Henry Adewoye, M.D., Senior Vice President and Chief Medical Officer of Compugen, added, "This study evaluating COM701 in combination with BMS-986207 and nivolumab fits our overall clinical development strategy of advancing novel therapies in cancers with high unmet medical need. We have previously reported partial responses with COM701 as monotherapy and in combination with nivolumab in patients with extremely challenging to treat cancer types, such as MSS platinum resistant primary peritoneal cancer and MSS-CRC. These preliminary clinical data support our preclinical work indicating that PVRIG and PD-1 are distinct pathways and that inhibition of the two may result in clinical benefit to patients.
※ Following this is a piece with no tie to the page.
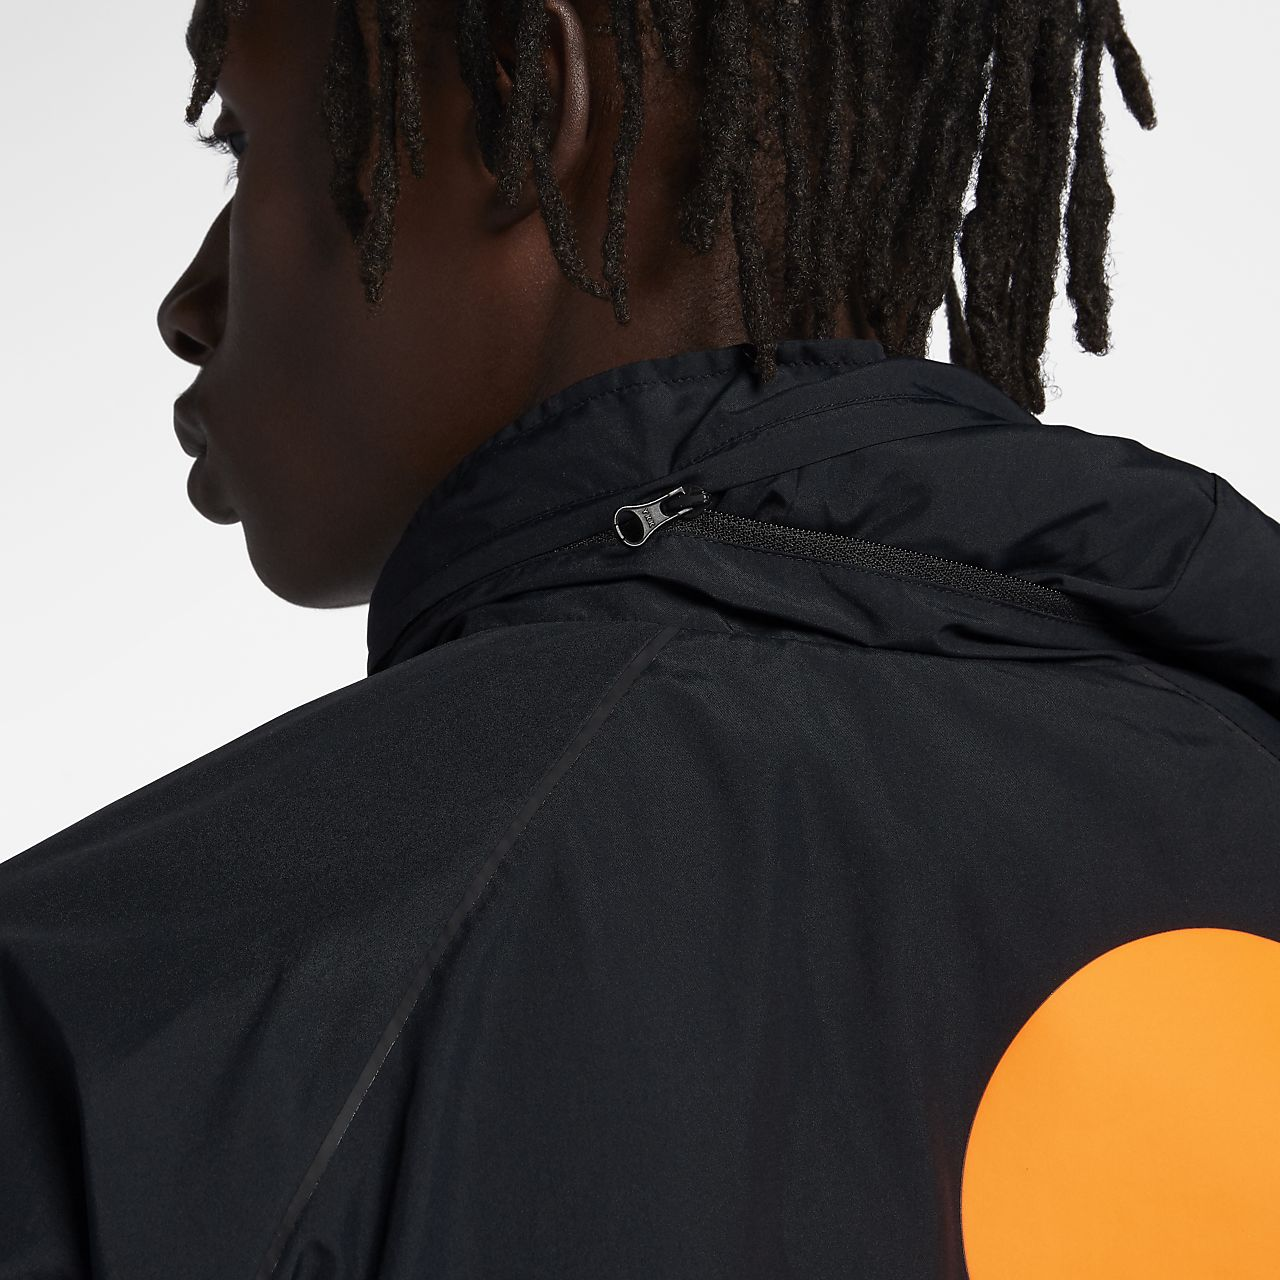 Nike Nike x Off White Track Jacket AA3298 010 | BSTN Store

The triple combination will further test our science-driven hypothesis that PVRIG, TIGIT, and PD-1 are non-redundant inhibitory pathways and that their simultaneous blockade is expected to further enhance anti-tumor immune responses and broaden the patient population responsive to cancer immunotherapies. We look forward to collaborating with Bristol Myers Squibb on this important study."
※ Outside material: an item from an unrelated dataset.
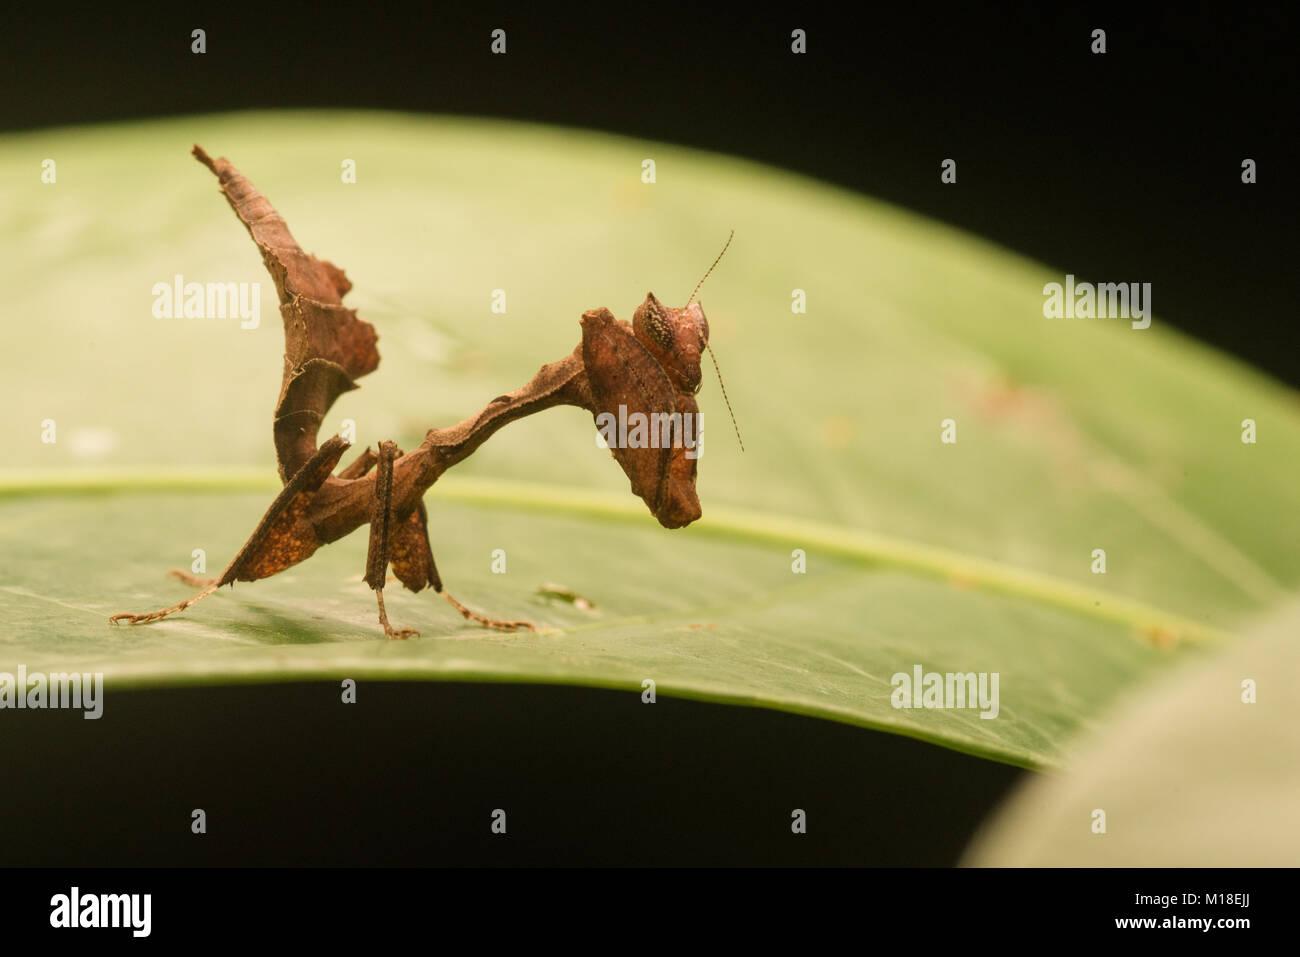 Eine kleine Kinder Blatt nachahmen Mantis (Acanthops sp) aus dem Amazonas Dschungel. Stockbild

Under this IND, the Company intends to initiate an open-label Phase 1/2 trial designed to evaluate the safety, tolerability and preliminary antitumor activity of COM701 in combination with Opdivo and BMS-986207 during dose escalation, as well as anti-tumor activity in selected tumor types in the expansion cohorts. Dose levels for Opdivo and BMS-986207 combinations have already been determined through prior testing by Bristol Myers Squibb, allowing for dose escalation of COM701 with fixed doses of Opdivo and BMS-986207.
About COM701
COM701 is a humanized antibody that binds with high affinity to PVRIG, a novel immune checkpoint discovered computationally by Compugen, and blocks the interaction with its ligand, PVRL2. TIGIT, an immune checkpoint discovered computationally by Compugen in 2009, and PVRIG constitute parallel immune checkpoint pathways that counteract DNAM, a costimulatory receptor on T cells and NK cells. Preclinical data suggest that the blockade of PVRIG induces a robust anti-tumor immune response and demonstrates synergistic activity when used in combination with inhibitors of TIGIT and/or PD-1. Currently, COM701 is being evaluated in a Phase 1 clinical study. Data from the ongoing study have shown that COM701 is well-tolerated and demonstrated preliminary signals of anti-tumor activity in a heavily pretreated patient population.